Unfortunately there's no ICM phone poll this week to help us work out whether the Leave lead last week was a complete fluke - so it may be a ComRes or Ipsos-Mori phone poll that eventually solves the mystery. But as usual ICM do have an online poll, and it shows further movement towards Leave.
Should the United Kingdom remain a member of the European Union or leave the European Union?
Remain 43% (-1)
Leave 48% (+1)
On the face of it the changes are not statistically significant. But last week's online poll showed a swing towards Leave that was much more modest than the one reported by the simultaneous phone poll, and if today's numbers had shown a reversion to the mean we might have concluded that nothing had really changed at all, at least as far as online polling is concerned. So the significance of today's poll is that it instead reports a second consecutive swing to Leave, which can probably be taken as being more meaningful, especially as the 5% Leave lead is outside ICM's normal range - they've never previously shown Leave ahead by quite this much. That seems even more important when you bear in mind that ICM recently made a Remain-friendly methodological adjustment to take account of the fact that Leave supporters are quicker to respond to survey invitations. Without that tweak, it's possible that Leave would now be reported as being closer to 10 points ahead.

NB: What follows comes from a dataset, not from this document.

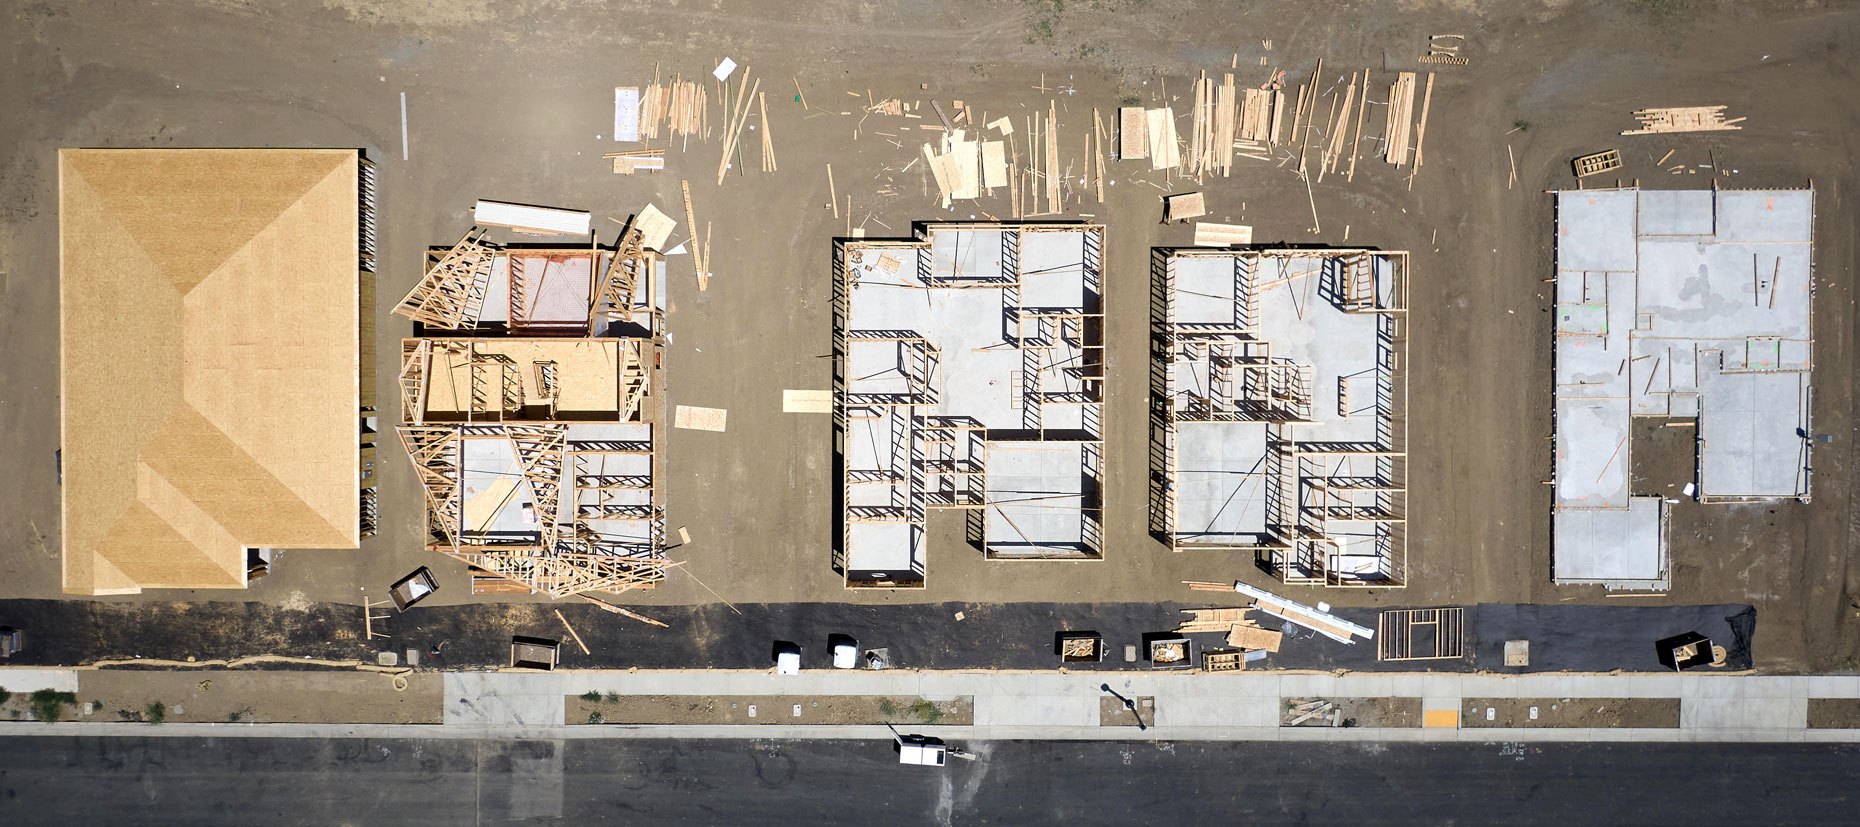 Drone Image of New Homes

To summarise what the three online firms that have conducted fieldwork recently are showing -
* All three suggest a swing to Leave.
* ICM have Leave doing better than ever before.
* YouGov have Leave ahead by a bigger amount than since February, although the numbers wouldn't have looked out of the ordinary prior to that.
* Opinium (on their old methodology) have a Leave lead that is within the normal range, but at the upper end of it.
Taking all of that together with the ICM and ORB phone polls from last week, the evidence for a recent Leave breakthrough is reasonably convincing, but still not 100% conclusive.
An unnamed Leave source was quoted the other day as saying he wouldn't be confident of victory until his side were ahead by around 7 points, because none of the polls take into account Gibraltar and ex-pat Britons (they have a right to vote if they've been away for less than 15 years), and most of the polls (bizarrely) still don't take into account Northern Ireland. Unless the result is a Wales 1997-style cliffhanger, it's probably safe to say that Gibraltar isn't going to make that much difference, because although it's likely to vote Remain by a massive margin, it has a population smaller than Dumfries.
Northern Ireland is more significant because it has 3% of the UK's population, but it's still unlikely to reduce the Leave lead (or increase the Remain lead) by more than around 1%. It's ironic that we do expect NI to be such a strong region for Remain, because it's the one part of the UK where the head of government (Arlene Foster of the DUP) backs a Leave vote. But the nationalist community will be overwhelmingly for Remain and the unionist community will be split - thus leading to a decent overall Remain advantage.
The ex-pat Brits are the real wild card. They're impossible to poll, although it does seem reasonable to assume that many of them will be highly motivated to vote Remain, given that they arguably have more at stake than their compatriots at home.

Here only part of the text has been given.